Случайно я нарвался на уполномоченного и выложил тут же перед ним всю наглость этого предложения, что такими предложениями после состоявшегося союза паны нас унижают, уже не говоря о тех господах, которые честь и совесть на время выборов совсем потеряли.
Отправляя делегатов с такими полномочиями, паны были настолько просты, что предполагали у крестьян легкое согласие на измену данному слову и [что] они охотно пойдут на панский крючок; они забыли, что если крестьяне изменили бы на первых выборах, то лишены были бы доброго имени в будущем.

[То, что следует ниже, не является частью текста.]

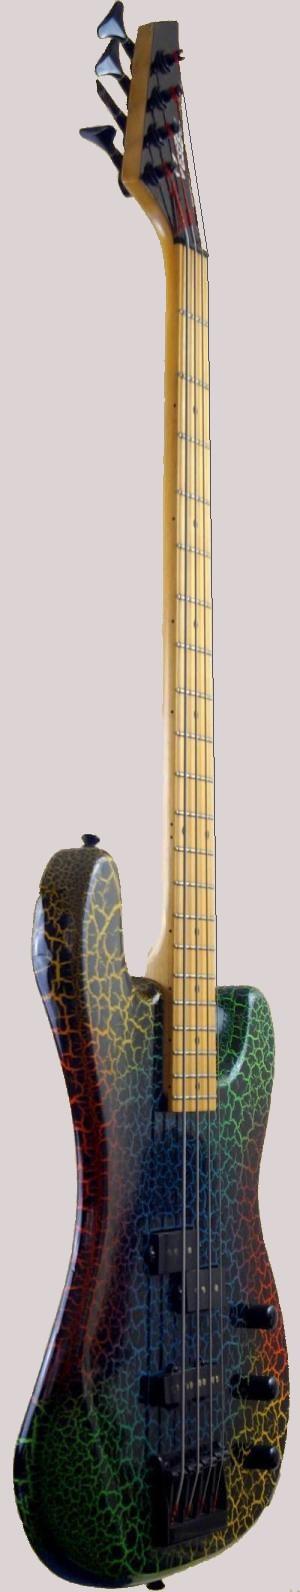 Precision copy vester bass guitar at Ukulele Corner

Получилось обратное: всю фальшь, хитрость и неприглядное заискивание панов я сразу понял и все это экспромтом вылил в своем собрании в присутствии панского делегата. Уполномоченный попался очень милый человек, и я почувствовал неловкость своего порыва, но он поспешил меня заверить, что с моими словами он вполне согласен, что помещики действительно вели себя не попански; мои же слова по адресу обещался передать в точности. Кажется, все уже было сделано и оставалось лишь идти баллотироваться, но у православных было недоверие к товарищам католикам, что они под влиянием ксендзов могут изменить союзу и, дав клятвенное обещание, чуть ли не с целованием креста, могут нам навредить и расстроить наш блок. Это приходилось слушать мне и другим из многих лиц, поэтому на всякий случай должны были иметь такое обстоятельство в виду. На эту тему я имел не одну беседу с католиками-крестьянами.
Тринадцати католикам-крестьянам дано место, и они должны быть очень благодарны за это православным, так как православные одни только в числе 33 и горожан 25 человек могли, составив блок, обеспечить себе успех. Католики с известной польской божбой и заклинаниями дали слово, что долг гражданский у них на первом плане, что они признают всех крестьян, как братьев, без различия вероисповедания.
М.М. Ерогин перед выходом из собрания напомнил еще раз крестьянам, что если паны будут вызывать на дерзость или позволять выходки, так чтобы от крестьян на такие вызовы не было грубых отпоров, которые можно истолковать за угрозу, а после в этом найти повод к кассации выборов: в таких случаях следует обращаться за указаниями к вожакам. Если пан ножку подставит, то придется упасть, но потом встать и молчать.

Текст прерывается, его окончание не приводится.